В автобусе Сестрорецк-Ленинград под проливной дождь и унылое ветряное хлюпанье лисьего носа я с чего-то решил сочинять песни. Стихи – это мерзость для египтян, так я думал. Писать стихи, все равно, что ходить вприсядку. А песенки ничего, песни можно. Песенник – что кукловод, марионеточник, дергающий за веревочки исполнительницу-кривляку. «Исполнителя» я не допускал, фиглярничать не мужское дело. «Дорога, дорога осталось немного до цели шагов. Привет, будь здоров». Двенадцать альбомов за бесконечное полуторамесячное лето у бабушки. В соавторах братский венгр – недоуменный «Икарус» с трехзначным номером, непривычным для сибирского глаза. В отдельных частях поучаствовал таинственный финский пейзаж, с неровно протянутым швом залива. Крематорий напротив, также неведомое заведение для сибиряка. И холодная рябь революционного озера, навсегда запечатлевшего бородатый культовый лик на своей глади. Бабушка, колдующая над весами… Продавец? Старорежимный аптекарь? Нет, просто тупому внуку пытается втолковать физику за шестой класс. Но внук не внемлет. У него четкий ритм в мозгу и все та же песня: «Дорога, дорога, асфальта немного, вот-вот и обрыв, обры-ы-ыв».
10
Шеф умер в апреле месяце. Меня удивила столь поздняя его смерть. Я, наверное, склонен приписывать себе разные достоинства, но одна из способностей, которыми, как считаю, я наделен – это талант ясновиденья. Я его глушу, глушу сознательно, ибо считаю, что человеку вредно заглядывать в будущее. От этого портится зрение; видя будущее, настоящее перестаешь замечать. А человек, от рождения почти слепой, обязан ценить настоящее.
За слепоту деду спасибо. У дедушки с детства было хорошее зрение. Но с тридцати глаза стали слепнуть с катастрофической скоростью. Совпало это с государственными репрессиями конца тридцатых годов, и умелому романисту класса Маркеса или хотя бы Меира Шалева здесь было бы где разгуляться, сочинить эдакий романчик про тонкую душу русского интеллигента, вокруг которого снуют по ночам воронки, увозя в лагеря или к ближайшей стенке его сослуживцев, а он, интеллигент, понимая всю ситуацию и свою беспомощность в ней, только и может, что слепнуть, теряя буквально в неделю по пол диоптрии. Сибирского (русского) колориту добавить, деталей всяких, истории… Ах, вещица бы вышла, пальчики оближешь! Нет, Меир не потянет, а милый Габриэль Гарсиа староват уже… Кто же тогда? Я не могу, лень мне, да и поэт я, стихотворец, ну или на худой конец редактор. Гюнтер Грасс разве, у него б получилось… Секундочку, сброшу мейл старику…

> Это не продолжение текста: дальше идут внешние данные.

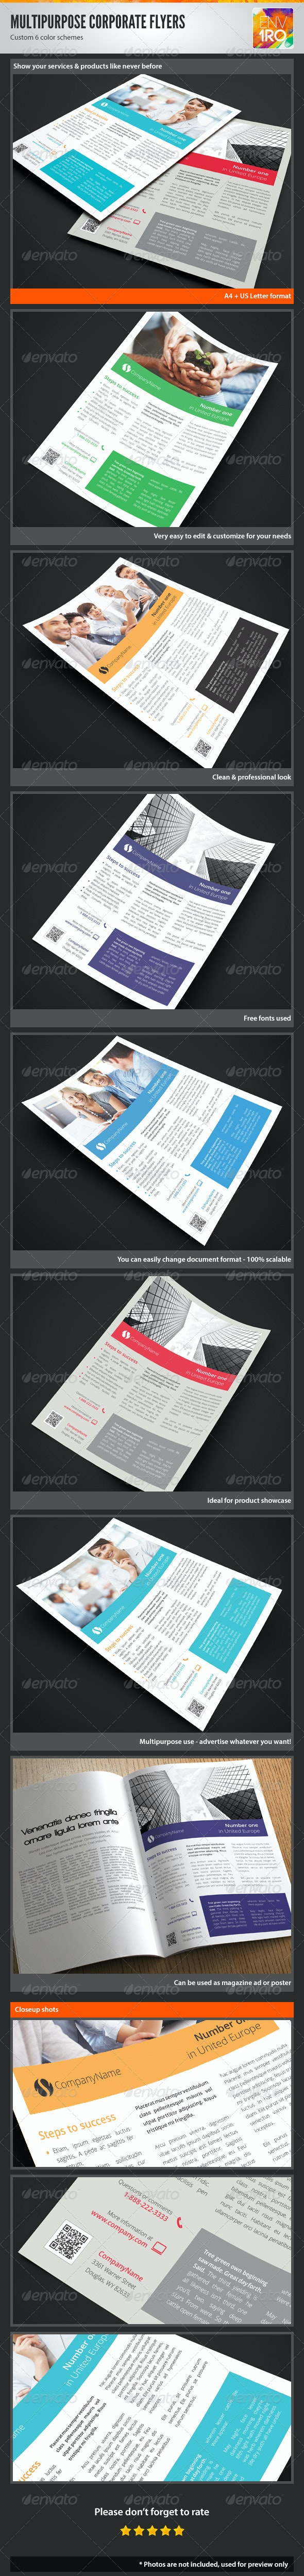 Multipurpose Corporate Flyers, Magazine Ads vol. 7 - Corporate Flyers

Деду слепота здорово помогла. В суровые голодные годы ему полагалась небольшая инвалидная пенсия (ах, как мы, русские халявщики держимся за эти копеечные государственные подачки! У меня такая же пенсия теперь. Никому не отдам, пока сами не отберут. Одно время думал в фонд мира перечислить или благородному Далай Ламе и перечислил уже. Но сразу же пожалел, и плача и по-инвалидному пресмыкаясь, на ходу придумывая темы для шантажирования, уговорил буддистов и космополитов денежки мне вернуть). А главное, благодаря слепоте, дед избежал фронта, с первой группой, человека почти невидящего взять не решились. Плюс это или нет, теперь не совсем понятно, ведь дедушка мог просто погибнуть на каком-нибудь белорусском или втором украинском и не пришлось бы ему в петлю лезть и гениталии отчекрыживать. Но тогда не было бы меня, потому как не было бы и моей мамы, ибо тот трах, после которого моя мама случилась, произошел лишь в послевоенные годы. Но рассуждая далее: а кому нужен я, с таким дедом в голове (повесившимся, с отрезанным хуем)? Без ложного чувства: собственной значимости, нужности или просто величия (выбирайте любое или добавьте свое) – нафиг я ни кому не нужен. Это не пробивка на жалость, это суровый неоспоримый факт, мною очень даже осознаваемый. Впрочем, если хотите поддержать материально, не откажусь, перечислять средства можно на счет, номер на моем личном сайте, заранее благодарен. Благородное вложение денег гарантирую.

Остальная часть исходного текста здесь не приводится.